Paddington RSL, November 20


DAMMIT, WHO DOES SHE remind me of?, I kept thinking. It should have been obvious from the start. Maybe it was the presence of shoes which threw me.


A diva entrance – having let the band plug in, start up and prepare the way, she finally emerged as The Star Of The Show - was a nice touch for someone whose charisma, whether with her regular band, The Jezabels or now solo, is star-quality and who controls the stage without need to shout it out.

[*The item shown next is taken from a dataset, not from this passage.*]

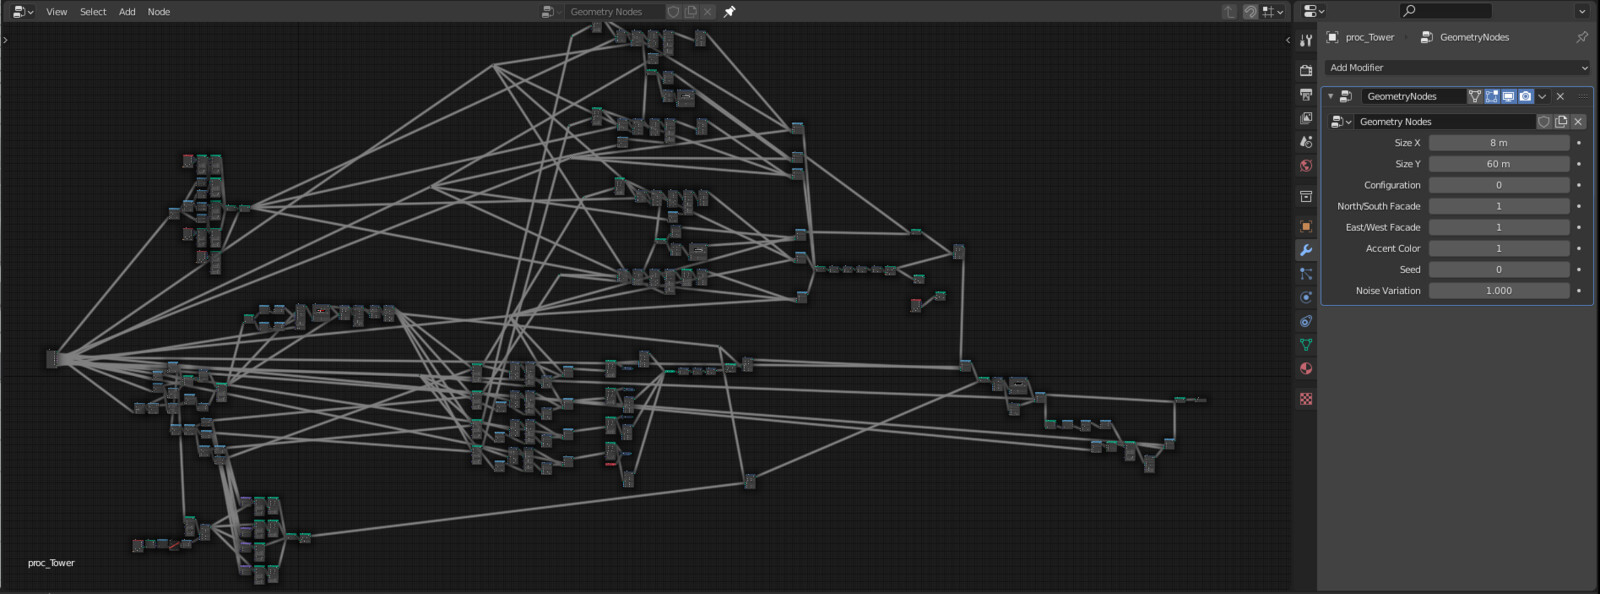 Snapshot of the network and controls using Blender's geometry nodes.

Though it was slightly marred by Hayley Mary, to her great amusement, and ours, colliding with guitarist Johnny Took (her occasional co-writer, moonlighting from DMA’s) and spilling her drink.

The flower-festooned stage had a touch of decadence and a strong whiff of style, her first outfit - changed half way through a show which didn’t make an hour - presented her as a kind of slightly androgynous Carnaby St dandy. And the band was guitar-strong (two electrics, one acoustic, but almost defiantly, no keyboards), kept in line by a strong drumming hand, and tuned to assertive jangle more than power.



Then songs such as Like A Woman Should (“wish that I was born in another time”), with its melodic charge that like The Piss, The Perfume, brought a mix of melancholy and resilience, and Holly, with its built-in wistfulness and offhand elegance, offered almost a classicist take on mid-‘60s pop.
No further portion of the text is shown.